Disney slap racism warnings on Peter Pan, Dumbo and The Jungle Book films due to ‘negative racial depictions’

DISNEY has slapped racism warnings on beloved classics such as Peter Pan, The Jungle Book and Dumbo.

The much-loved have been given a content advisory warning to alert viewers of negative racial depictions or outdated ethnic stereotypes in the animated movies.

The warnings appear on the streaming service Disney+as part of Hollywood's battle with racism.

The viewer will see this message: "This program includes negative depictions and/or mistreatment of people or cultures.

"These stereotypes were wrong then and are wrong now.

"Rather than remove this content, we want to acknowledge its harmful impact, learn from it and spark conversation to create a more inclusive future together."

It is understood to be part of an ongoing review carried out by Disney across all of its films.

Other classics that will include the warning will be the 1970 musical comedy The Aristocats, the 1955 love story Lady and the Tramp and the 1960 Swiss Family Robinson.

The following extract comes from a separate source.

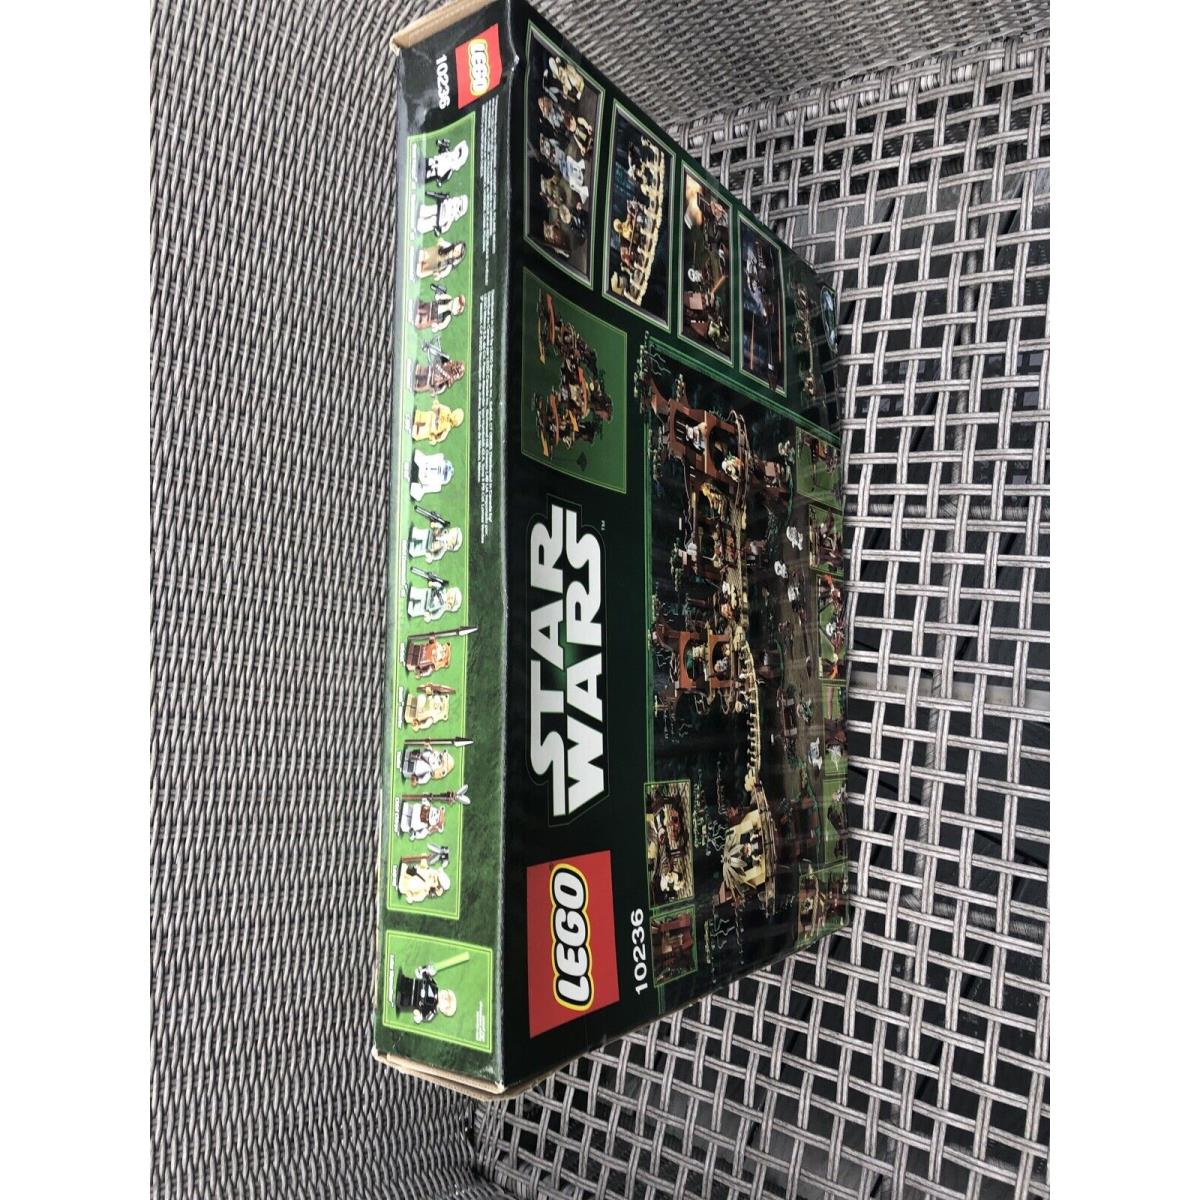 Lego Star Wars Ewok Village 10236 Outer Wear Box
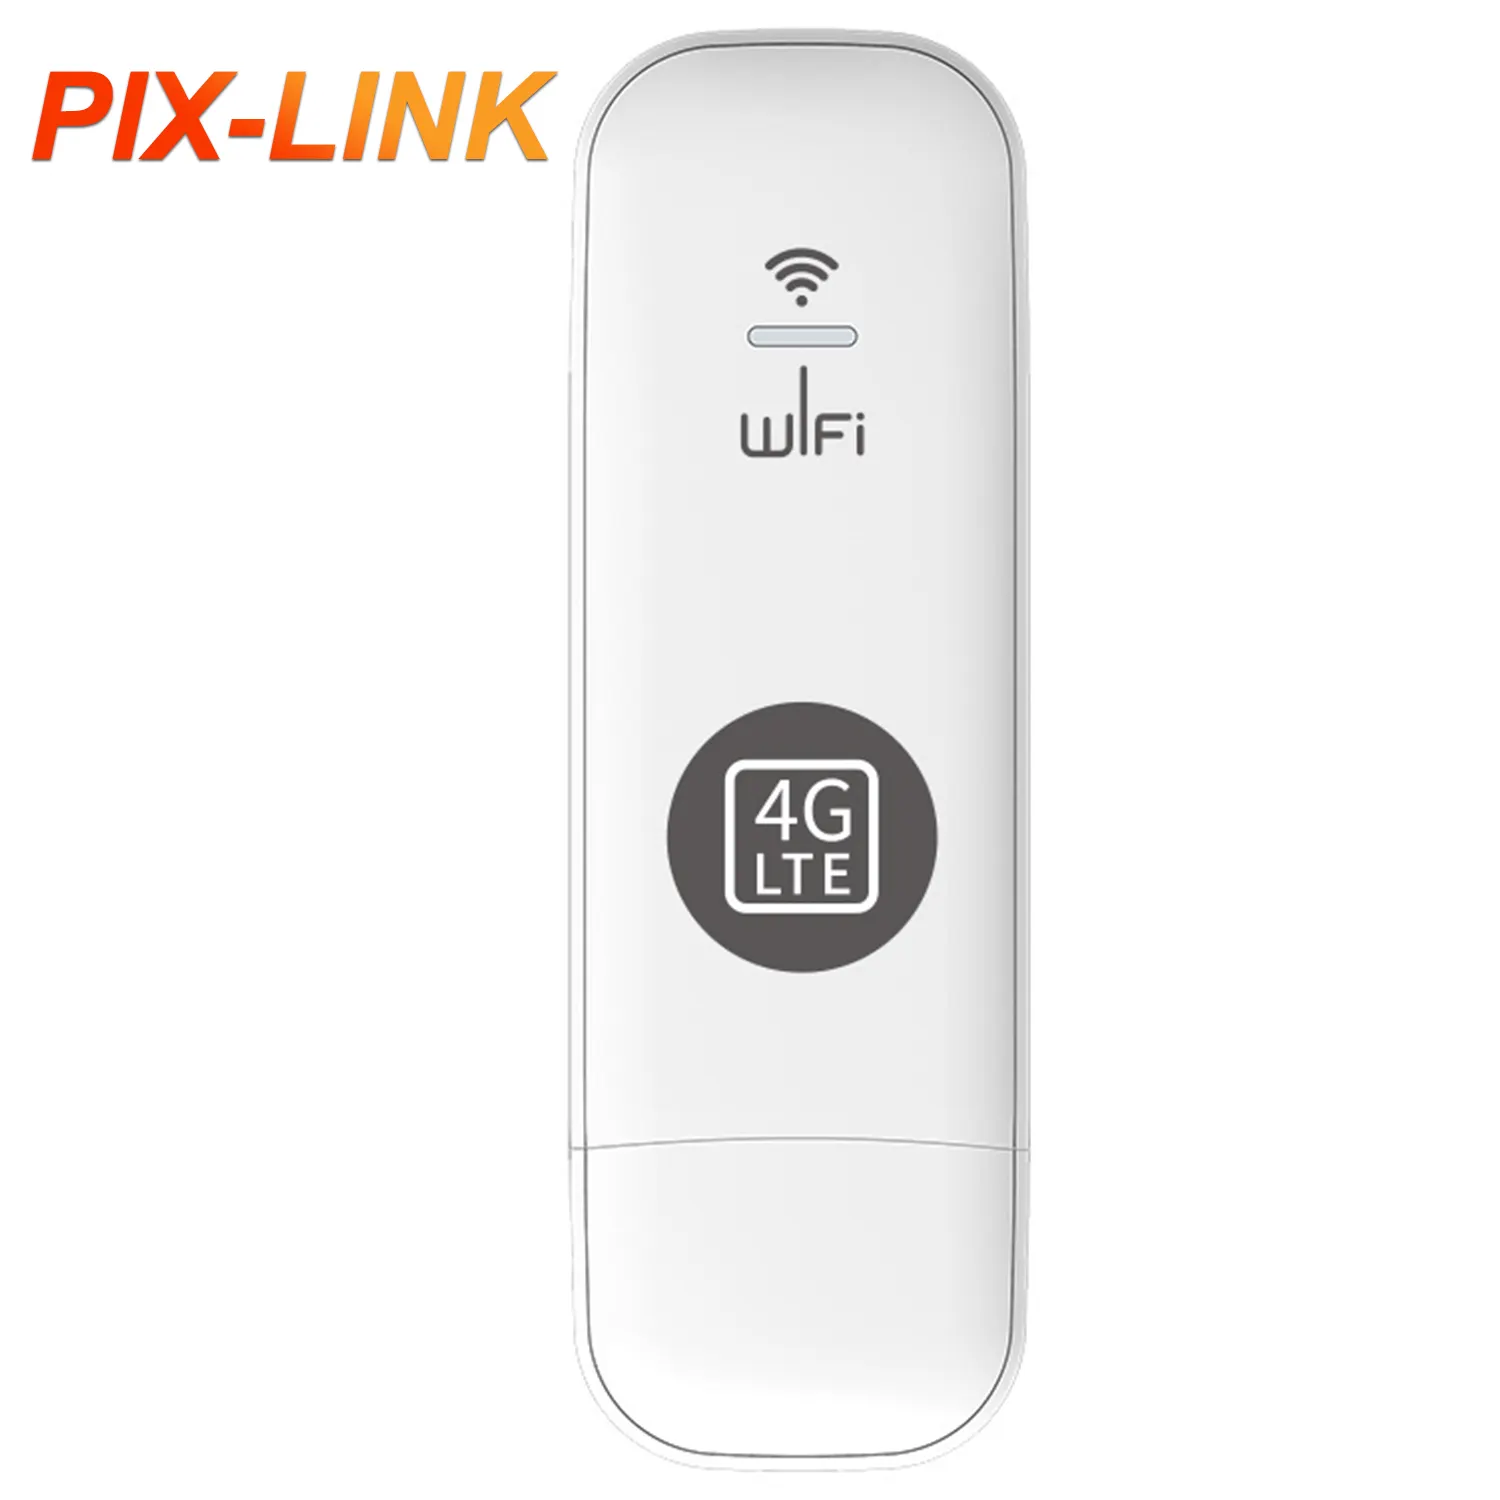 PIX-LINKグローバル4 gUSBWi-Fiモバイル工場価格lteワイヤレスルーターwifi WingleホットスポットLTEUsbモデムインターネットポケットWifiカード

For example in the Aristocats, Disney warns viewers that one of the cats "sings in poorly accented English voiced by a white actor and plays the piano with chopsticks".

In the 1953 Peter Pan, viewers are warned that Native Americans Indians are referred to as "redskins".

Furthermore, viewers are also warned that the scene where Peter and The Lost Boys dance in Native American headdresses are a "form of mockery and appropriation of Native peoples' culture and imagery".

The Jungle Book has also been highlighted for its perceived use of negative racial stereotypes.

In the 1941 Dumbo, viewers are warned about its references to racist segregationist laws in the deep South and its use of affected African American voices.

The canine love story of Lady and the Tramp was added to the list because of its perceived stereotyping of Asians, Mexicans and Russians with felines and cats having largely ethnic names and accents.

The streaming service has also made the decision to not add certain films at all – such as the controversial Song of the South.

The 1946 film is set on a plantation during America's Reconstruction Era.

It has never been given a DVD or video release in the US because of its handling of race.